Grab Bag #1
A Journey Through Time
Today’s newsletter will be a head-spinning zigzag through time. We’ll start by putting one foot in 1979 and the other in 1991. Now you can properly enjoy this incredible mashup.
While you’re at it, go watch the original video for Check the Rhime.
Next, let’s head to 1985 when Spenser: For Hire was just debuting. Before the opening credits of the episode “Choices,” Spenser is in his Mustang chasing a white van which a cop on his radio calls “the kidnappers from Brookline.” The cars race back and forth in front of a stoop that an old woman is sweeping. Leaning in the doorway is this dapper gentleman.

Why? Why, in 1985, is a little newsie child holding up a brick wall in Boston? Anyway, I loved him, I hated him, and I rewatched the scene twice to figure him out. And get this picture. The third time the kidnappers and Spenser pass him, he cheers. End scene. The episode itself was really weird. Patricia Clarkson plays a Christian gun freak who shoots random people for shits and giggles (like Travis Bickle). Angela Bassett plays the daughter of one of her victims.

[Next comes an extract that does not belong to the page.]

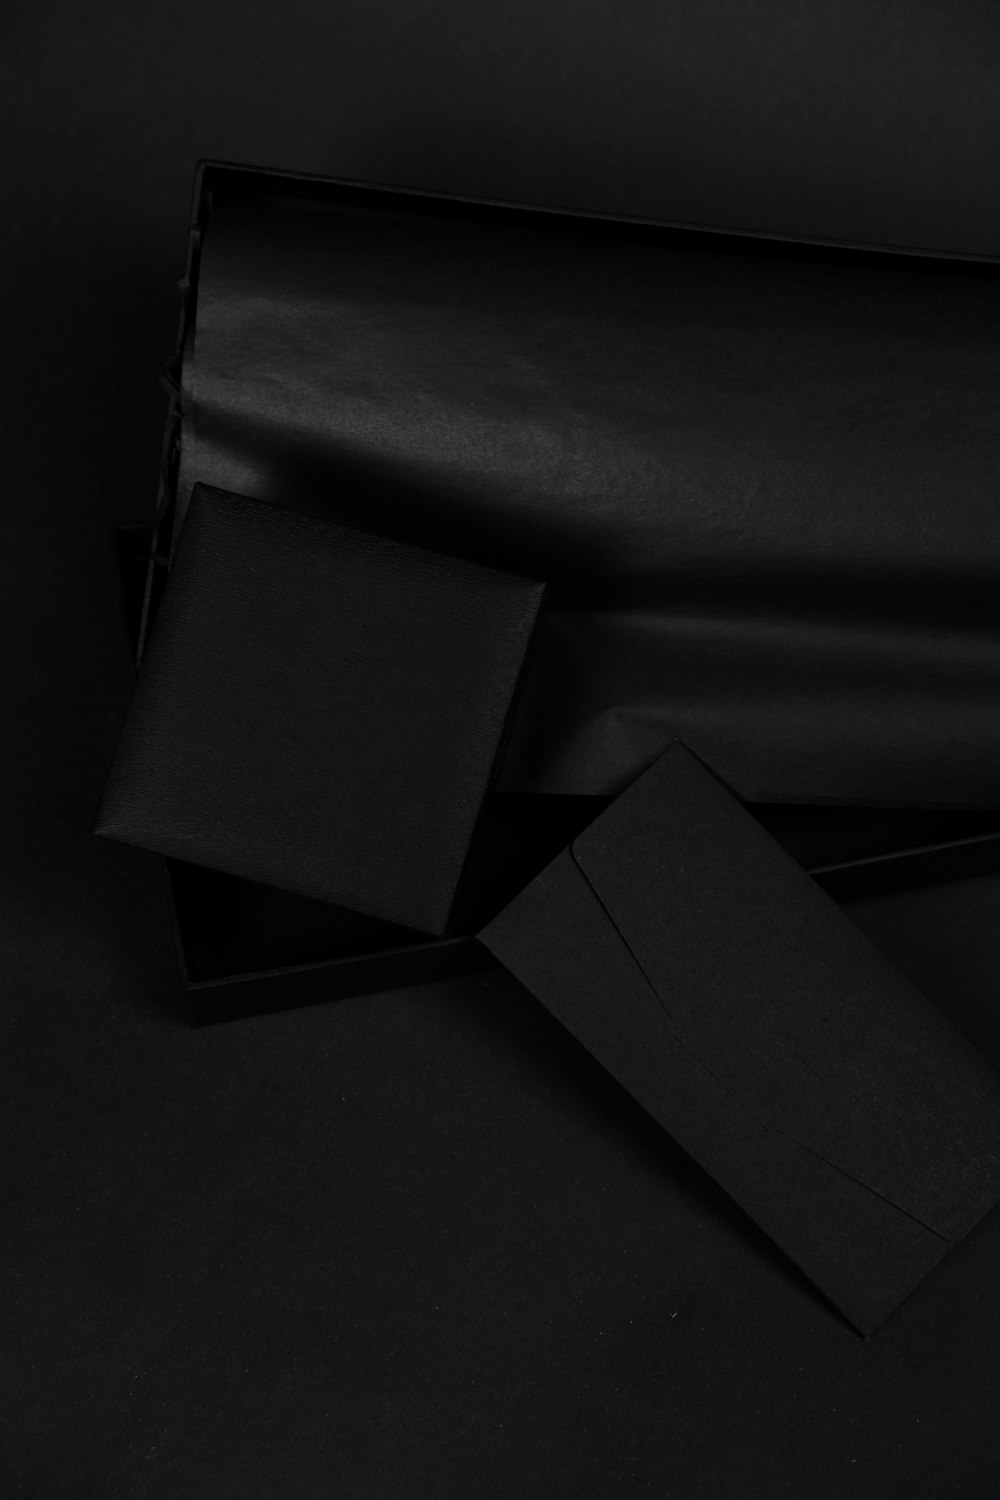 caixa preta no tecido preto

You are probably wondering why? yourself. Why are you watching Spenser, Andrea? Answer: It was an assignment for a writing class I am taking.

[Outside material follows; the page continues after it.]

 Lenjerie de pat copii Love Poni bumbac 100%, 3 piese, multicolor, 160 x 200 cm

Alright, next up, and I don’t even know what year this would be, but apparently, there’s a marketing demographic that is men who miss a breakfast of coffee and cigarettes but are now into self-care.

Now for some normal recommendations. I just finished reading The Great Escape: A True Story of Forced Labor and Immigrant Dreams in America by Saket Soni, and wow, I cannot recommend this strongly enough. I appreciate that the subtitle is off-putting both in its length and in the suggestion that this book has a depressing topic. Sure, forced labor is not an easy topic to make interesting, but Soni spins a great tale, almost novelistic in quality, about the men who were trafficked from India to rebuild oil rigs after Hurricane Katrina. We are back in 2005. We meet their families, learn about their dreams for a better life, and follow them on a cross-country MARCH from Louisiana to Washington, DC, where they undertake a hunger strike to bring attention to their plight. It reads like a crime thriller, which, technically, it is. The friend who recommended it to me suggested the audiobook. Either way, it’s totally engrossing.
The other book I just read is The Easy Life by Marguerite Duras, which was originally published in 1943 but only published in English in 2022. I’m still processing this book. A young woman prompts her brother to kill their uncle and observes their household as it changes in the aftermath. Her brother’s friend, who is her lover, sends her to the beach for a vacation, where she unravels in her loneliness and self-reflection. Eventually, she returns home. More stuff happens but I don’t want to give it away, because frankly, not THAT much stuff happens. Mostly, she just ruminates. If that’s your bag, you might like this book.
Next up on the bedside table is Go Ahead in the Rain: Notes to A Tribe Called Quest by Hanif Abdurraqib, which is very full circle for this post. I love Abdurraqib’s writing and I love A Tribe, so I think I am going to love this book. I’ll let you know.